SQL for trading...?

Discussion in 'Trading Software' started by CloroxCowboy, Jul 1, 2009.

How do you feel about SQL?

  1. Good tool for trading.

    27 vote(s)
    47.4%
  2. Awful tool for trading.

    11 vote(s)
    19.3%
  3. Never tried it / no opinion.

    18 vote(s)
    31.6%
  4. Heard so many bad things I'd never want to try it.

    1 vote(s)
    1.8%
  1. nitro

    nitro

    #41     Jul 3, 2009
  2. HDF5
     
    #42     Jul 3, 2009
  3. nitro

    nitro

    HDF5!? Really. It is just a datastore, it doesn't support queries.
     
    #43     Jul 3, 2009
  4. BTW, In fairness to Vertica, should mention their "$500 a month" cloud solution. http://www.vertica.com/_pdf/verticacloudpricing

    Whether it's useful for your purposes, and whether your needs are sufficiently encompassed by this "bargain" offering, I wouldn't know. And I haven't tried it myself.
     
    #44     Jul 3, 2009
  5. thstart

    thstart

    1) Amazon EC2-hosted
    2) 500GB/$500/month/1 node
    1TB/~$4,000/month/3 nodes

    1) Is not the best idea for high performance computing.
    1.1) you have the context switching overhead.
    1.2) 500GB-1-5TB back and forth to Amazon servers - I don't see how with current transfer speeds this would a practical solutions.
    2) this is just for the DB. adding other costs - development, etc. in order to get a ROI it is a long shot.
     
    #45     Jul 3, 2009
  6. thstart

    thstart

    By warehouse oriented I mean a large TB size DB's. I don't believe a lot of interested parties have an access to TB size financial data, probably the exchanges, very large financial firms, clearing houses, etc.

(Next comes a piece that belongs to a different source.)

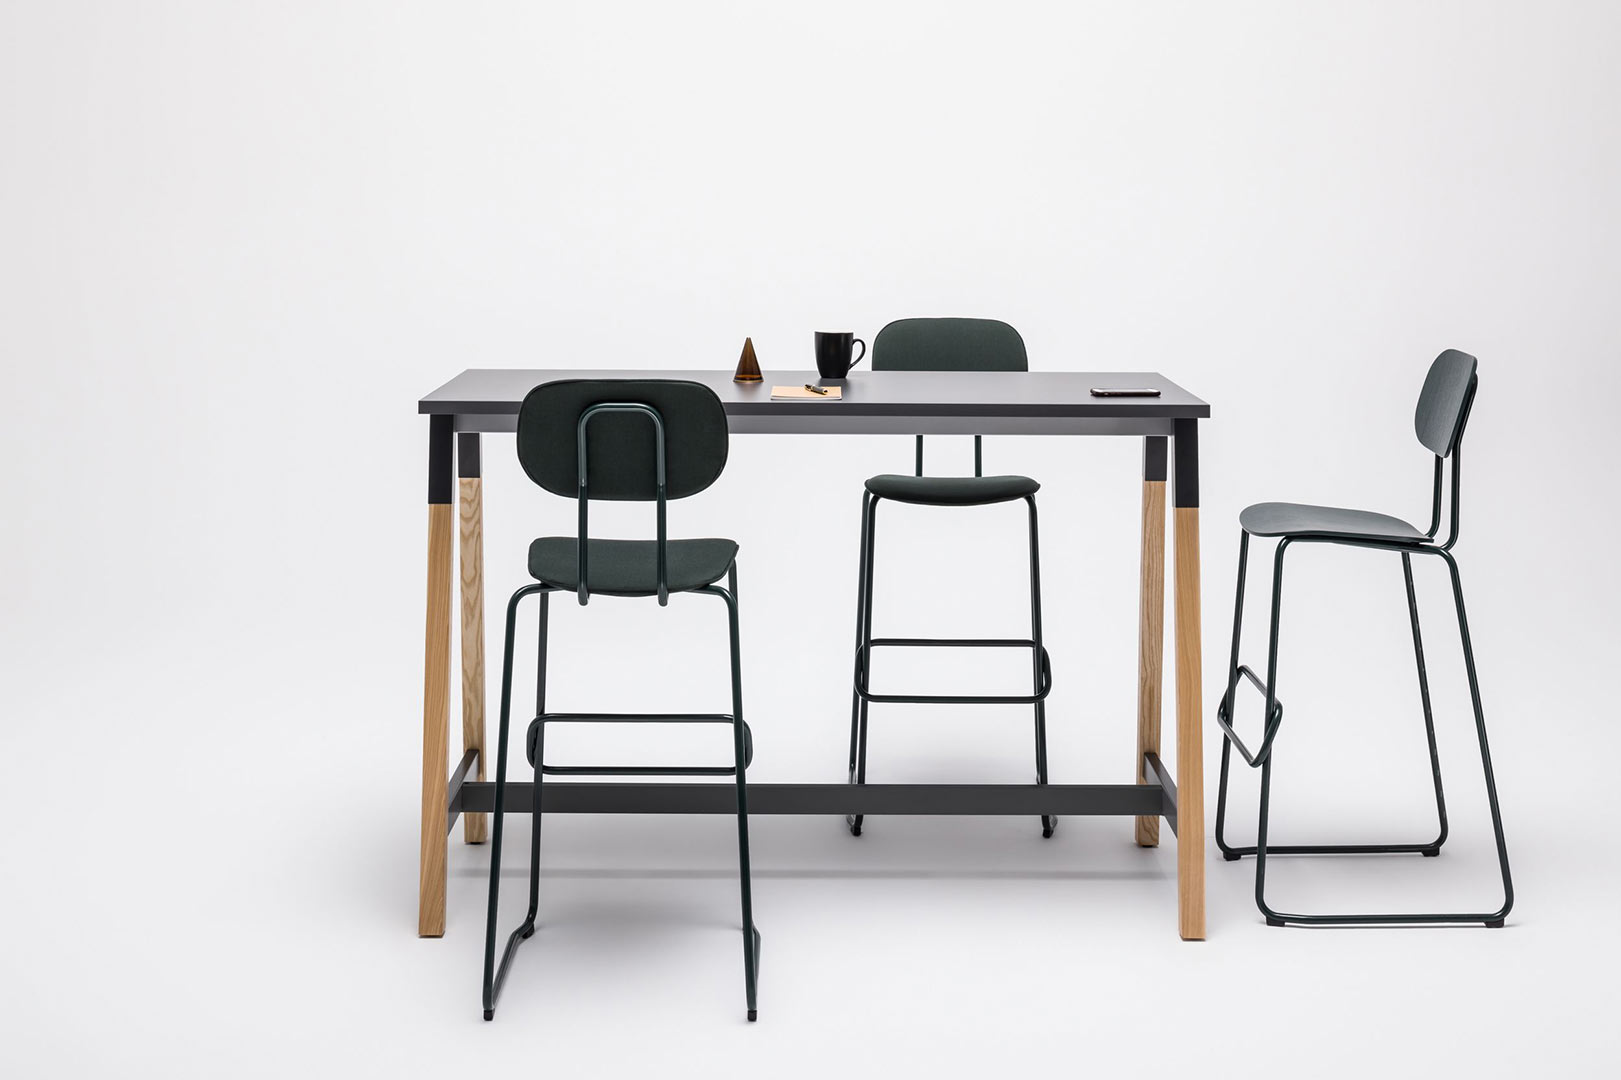 Tables de réunion - Design Scandinave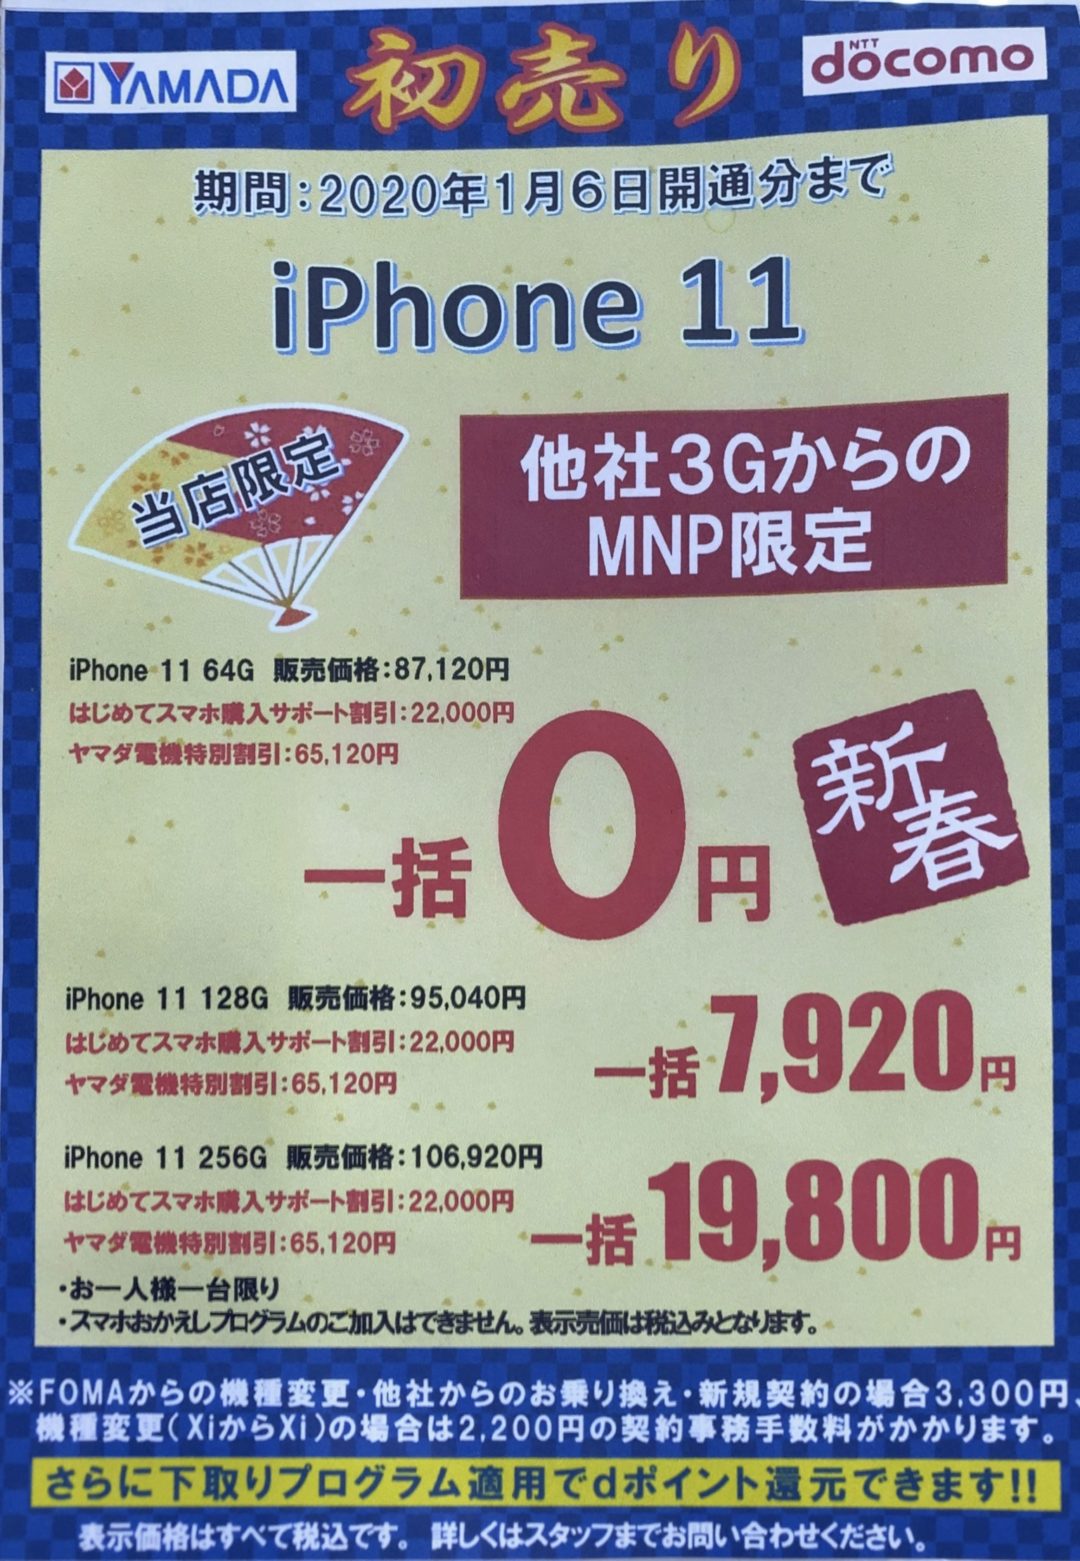 初売り ヤマダ電機でもドコモのiphone 11が3gからのmnpで8 7万円割引で一括0円から販売を確認 1 6 月 まで

    Being TB size oriented, their focus is mostly on storage and management. For Vertica+computations you need a 3rd party solution

    I believe the products and the brains are excellent for large warehouse DB's. Mr. Stonebraker has >30 years experience this is undisputed. He is also well connected to the above mentioned large companies - last year data - Vertica has about 35 paying customers, I don't know if this is a lot.

    I would add that all column oriented DB story is way over-hyped like some kind of stocks. This is understandable
    because they have investors.

    Sybase vs Vertica lawsuit is exactly about the column oriented way of storing data. We analysed the Sybase patent - it is ~20 years old and if Vertica is doing the things this way it is an old technology already. As I mentioned before column oriented is not all the story - it helps only with the disk I/O performance. It being the slowest is the obvious low hanging fruit as they say today. This is why their focus is on multi TB warehouse oriented applications.

    From my records last year the Vertica pricing was like ~ $150K/terabyte of RAW uncompressed user data. This again is more warehouse oriented approach targeted to large inventory databases.

    If we need the max performance the best results are achieved when the DB is specifically tailored for the data of the problem domain. That is the part of the reason why general COTS DB are so slow - something like a Jack of all trades but master of none.

    Looking at the way so called column oriented DB are going it is similar - solving the I/O problem they try to fit their solution to all markets. This is understandable because they have an investors, but not exactly the best for the customers.
     
    #46     Jul 3, 2009
  7. thstart

    thstart

    The LSE TradeElect abandoned.
    http://blogs.computerworld.com/london_stock_exchange_to_abandon_failed_windows_platform

    "TradElect runs on HP ProLiant servers running, in turn, Windows Server 2003. The TradElect software itself is a custom blend of C# and .NET programs, which was created by Microsoft and Accenture, the global consulting firm. On the back-end, it relied on Microsoft SQL Server 2000. Its goal was to maintain sub-ten millisecond response times, real-time system speeds, for stock trades.

    It never, ever came close to achieving these performance goals."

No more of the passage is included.